# Place to do freelance work for a month



## spudgun (Dec 13, 2010)

Hey guys,

I want to go to Cyprus from the UK to do some work. I'm new in the UK (I have a UK passport) and I want to do some web design freelance work without having to pay the UK pounds.

then I will go back to the UK.

Is it possible to get rent, with broadband for 1 month or 1.5 months. In a decent place (how much?)

And it would be great to be somewhere fun.

Work hard and play hard 

Which cities are best. which to avoid?

THanks in advance!

Spudgun


----------



## zin (Oct 28, 2010)

You could do a holiday let somewhere on the island and pick somewhere which includes an Internet connection.

Holiday homes in Cyprus - holiday rentals direct from owner

If you find somewhere you like you can still get an Internet connection via CableNet which used to do monthly contracts rather than yearly ones, not sure if they still do though. You would need to put the post code here to see if your area is covered - Network Coverage - Home | Cablenet Communication Systems Ltd -


----------



## ellados (Dec 8, 2010)

There's a lot of UK ex pats in Paphos and Limassol areas.

More rental places are now getting internet connections. You should certainly be able to haggle / get a reduction on rent for a month. 

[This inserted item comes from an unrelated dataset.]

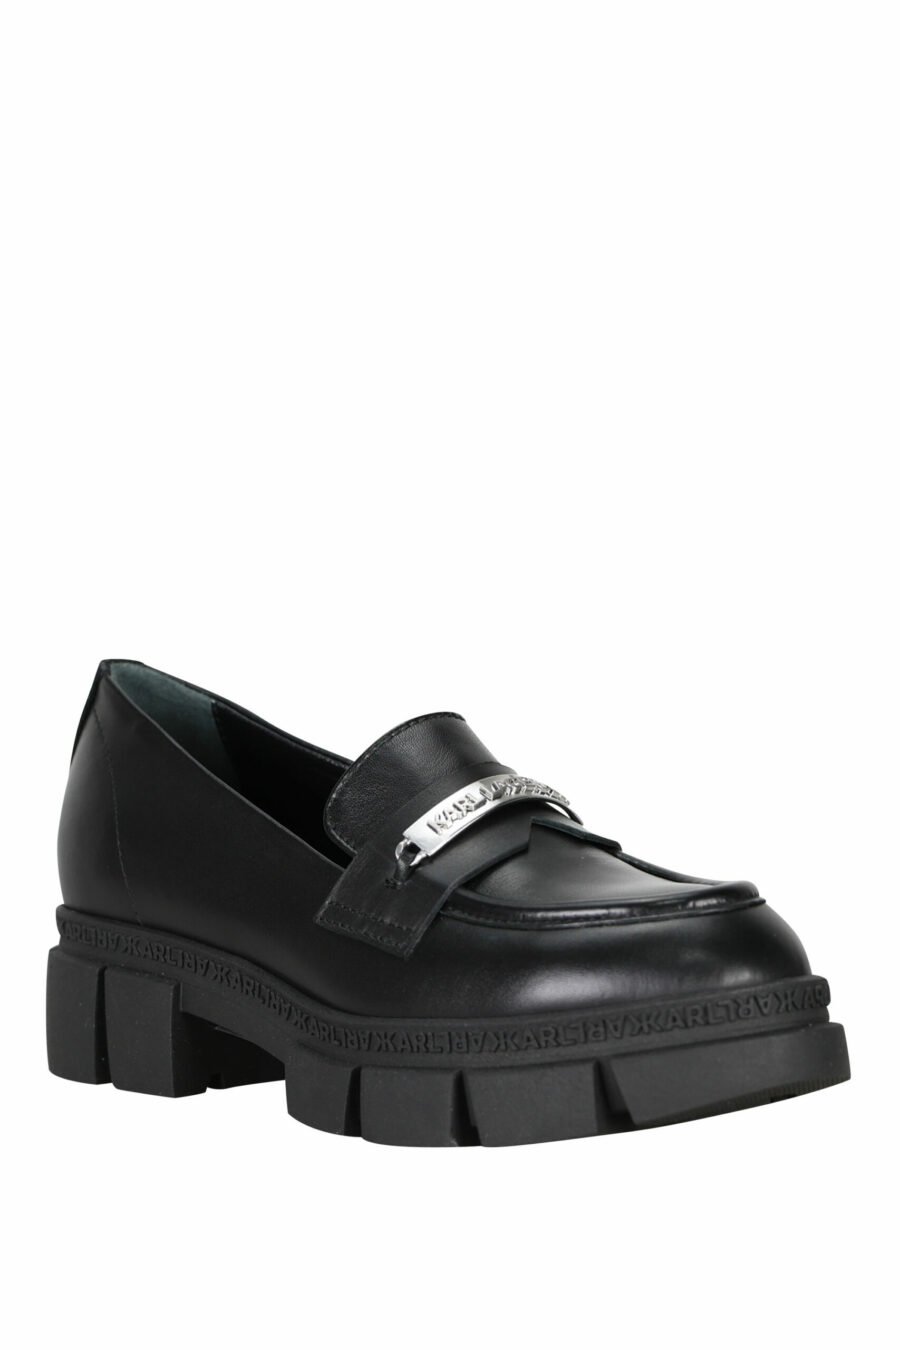 Black loafers with mini-logo and platform - 5059529284977 1 scaled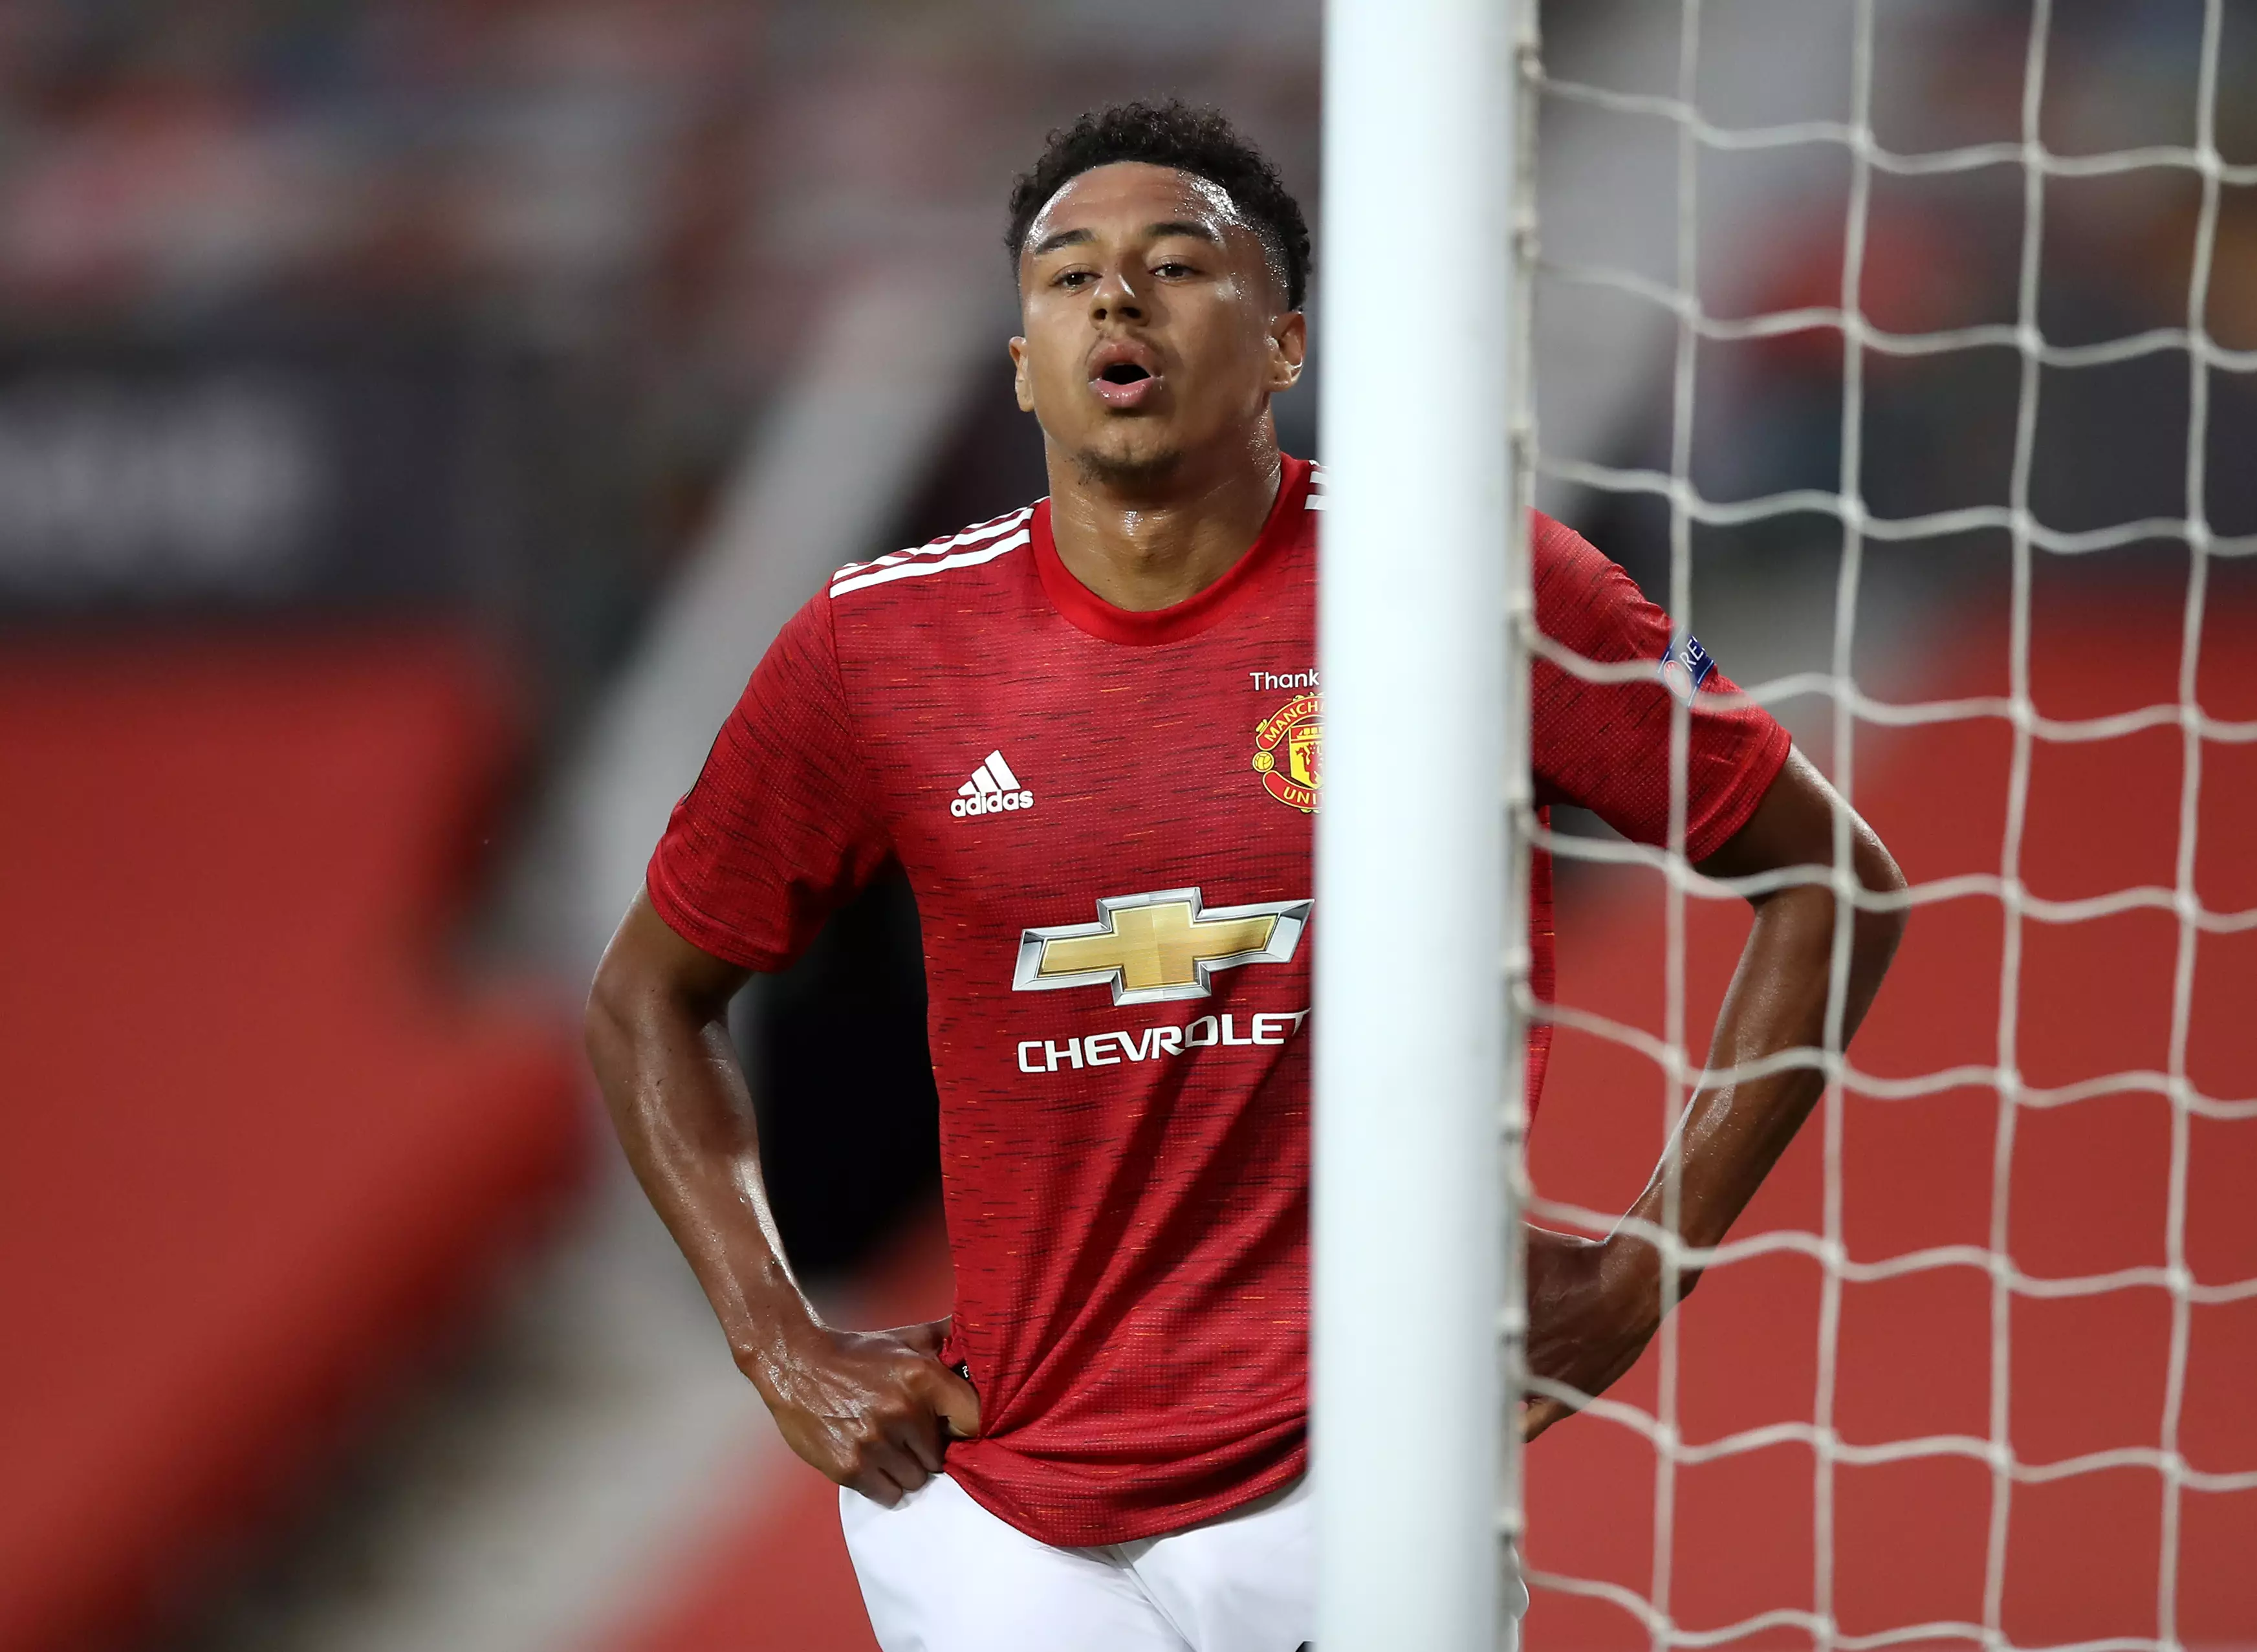 Things went sour at Old Trafford for Lingard. Image: PA Images

You could come over and stay in a cheaper hotel for a couple nights and do a trip around a few places to get a feel?


----------



## APW (Apr 15, 2009)

Do you have a web design portfolio with some examples of your work?


----------



## spudgun (Dec 13, 2010)

*thanks!*

Thanks a lot for that. What is the weather like. Swimmable or not really? and where is the 'party' at?  Oh and I would want to spend around 50 pounds. Would that get me a decent one person place with internet and near the 'scene'? Can you hire a scooter without a drivers license (i only have a New Zealand drivers license at this stage)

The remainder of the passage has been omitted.